Hi All,
Does anyone have any experience configuring SLURM that prevents cpu-only jobs running on GPU nodes?
TIA
Delilah
Hi All,
Does anyone have any experience configuring SLURM that prevents cpu-only jobs running on GPU nodes?
TIA
Delilah
We use partition QOS’s on all our partitions. For the gpu
partition we set the MinTRESPerJob
limit to require all jobs to request at least 1 GPU (QOS Docs).
It doesn’t do anything to make sure that people actually use the GPU they request, but it eliminates CPU-only jobs from taking over the GPU partition.
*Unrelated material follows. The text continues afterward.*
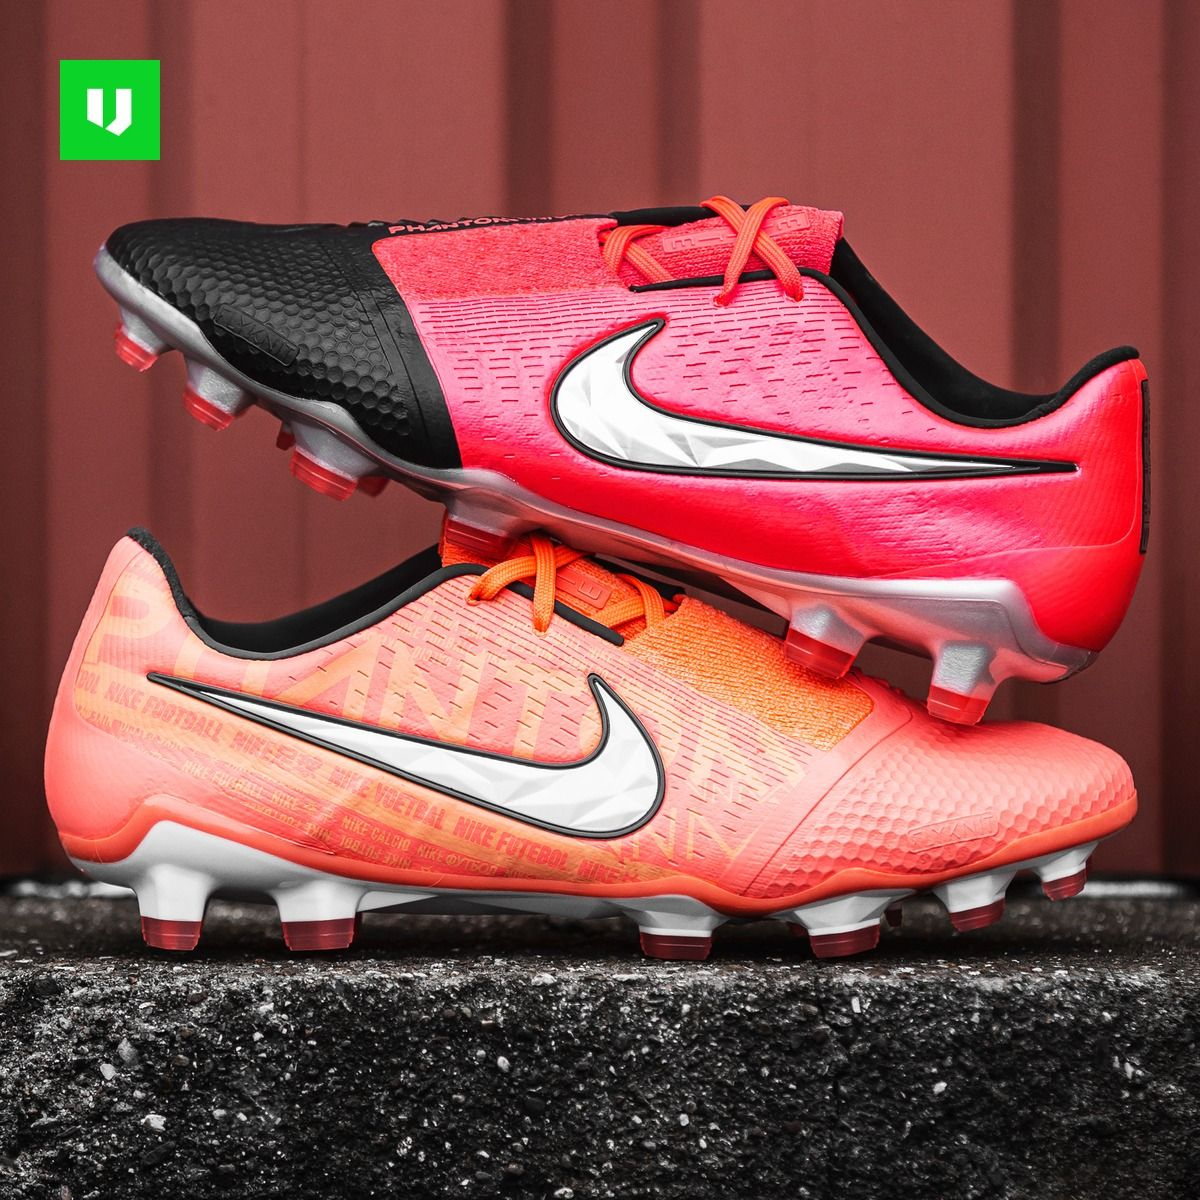 Nike PhantomVNM belongs to Fire and

I wonder if it can be done without qos setup, as we don’t have that. MinTRESPerJob is definitely taking me to the right direction.
Thank you so much!
Best,
Delilah
We do that with a job submit plugin. Slurm provides a job_submit_lua.so plugin if it is built with the lua-devel package installed. You can enable that with the following line in your slurm.conf
JobSubmitPlugins=lua
You can then create a job_submit.lua script in the same directory as slurm.conf and have it check fields within the job submission to see if the script requested a GPU.
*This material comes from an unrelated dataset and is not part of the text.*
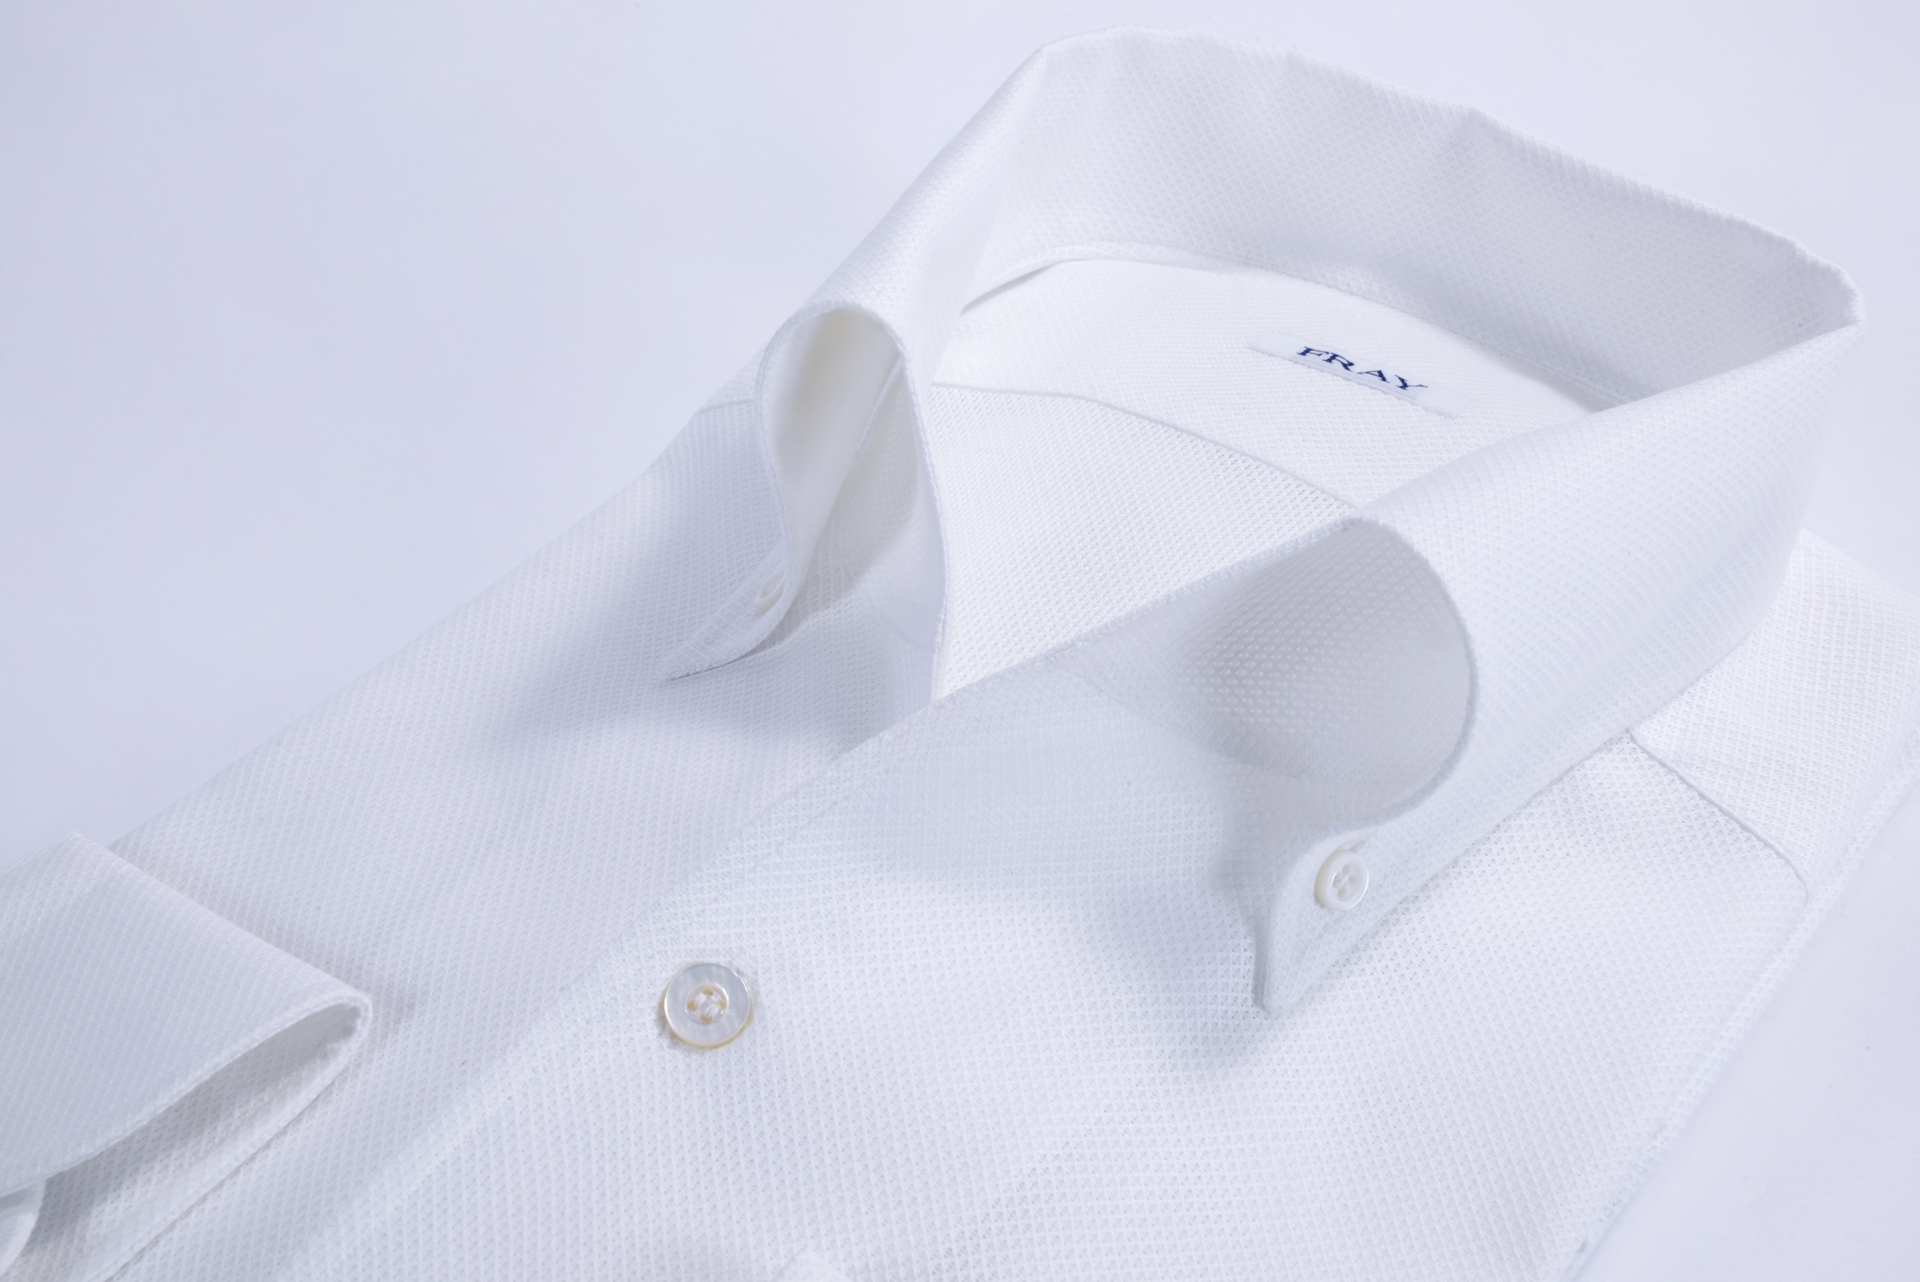 Fray produzione camicie

Our script is a little convoluted, but if you’d like to see an example I can probably clean it up to show a basic example.
Another option is to user features and constraints. You can assign features to nodes, then specify a constraint in the job submission file. It may seem odd, but you could assign a feature of “nogpu” or “gpu” and then jobs could request that specifically. In this case, something like what others suggested with the lua plugin might be the most efficient, but this works without any plugins, etc.
Warmest regards,
Jason
This might be more appropriate for its own discussion thread, but here goes:
If there is a GPU partition, then a user who runs jobs there without requesting GPU might not be necessarily a bad thing. Yes, there are users who just want compute and may not know (or care) that by grabbing all the CPUs on a node they block the GPU resources from the users who need them. On the other hand, on our cluster we often see a great many CPUs in the GPU partition sit idle while GPU jobs using only a few CPUs chug away. The GPU partition offers a huge amount of CPU compute, and if the CPU-only folks can get a little guidance on how to run in the GPU partition (e.g. don’t use all the available cores if GPUs are idle, or only run on GPU nodes where all GPUs are allocated, etc) resources can be shared efficiently.
Though this thread is dated, I’d like to contribute by elaborating on using QOS. You’ll need to incorporate your GRES/GPU into your slurm.conf under AccountingStorageTRES, similar to the following:
AccountingStorageTRES=gres/gpu,gres/gpu:h100,gres/gpu:a100,gres/gpu:rtx6000
PartitionName=gpu ... QOS=gpu
Afterward, execute:
systemctl restart slurmctld
scontrol reconfigure
Additionally, add QOS settings:
sacctmgr add qos gpu set MinTRESPerJob=gres/gpu=1